▸ **Record excerpts**:
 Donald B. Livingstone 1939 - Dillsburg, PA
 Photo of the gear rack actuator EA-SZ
--
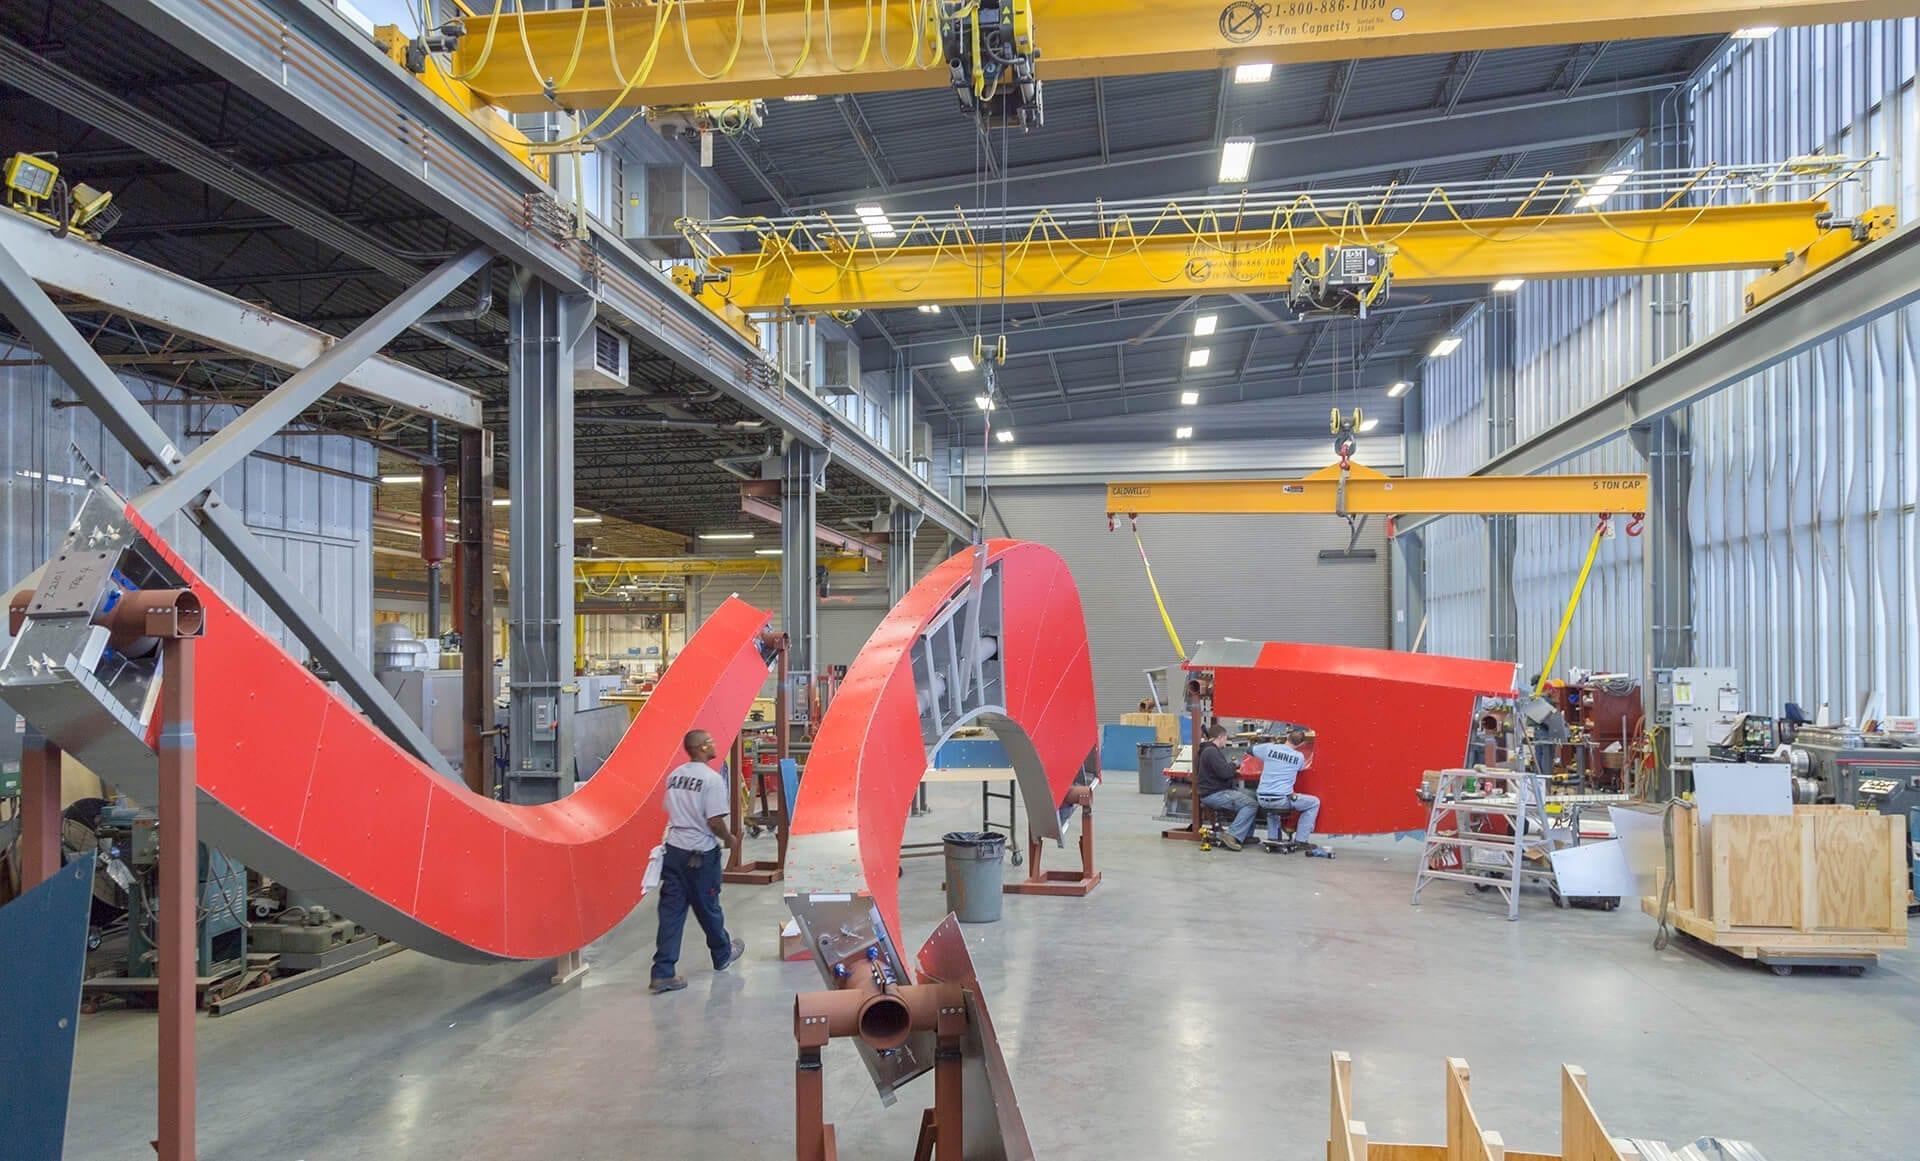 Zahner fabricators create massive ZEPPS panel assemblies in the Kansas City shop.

▸ **Assignment**:
Of the lines above, extract only those from the line with "Donald B. Livingstone 1939 - Dillsburg, PA" to the line with "Photo of the gear rack actuator EA-SZ", both included, exactly as written.

▸ **Finished task**:
 Donald B. Livingstone 1939 - Dillsburg, PA
 Photo of the gear rack actuator EA-SZ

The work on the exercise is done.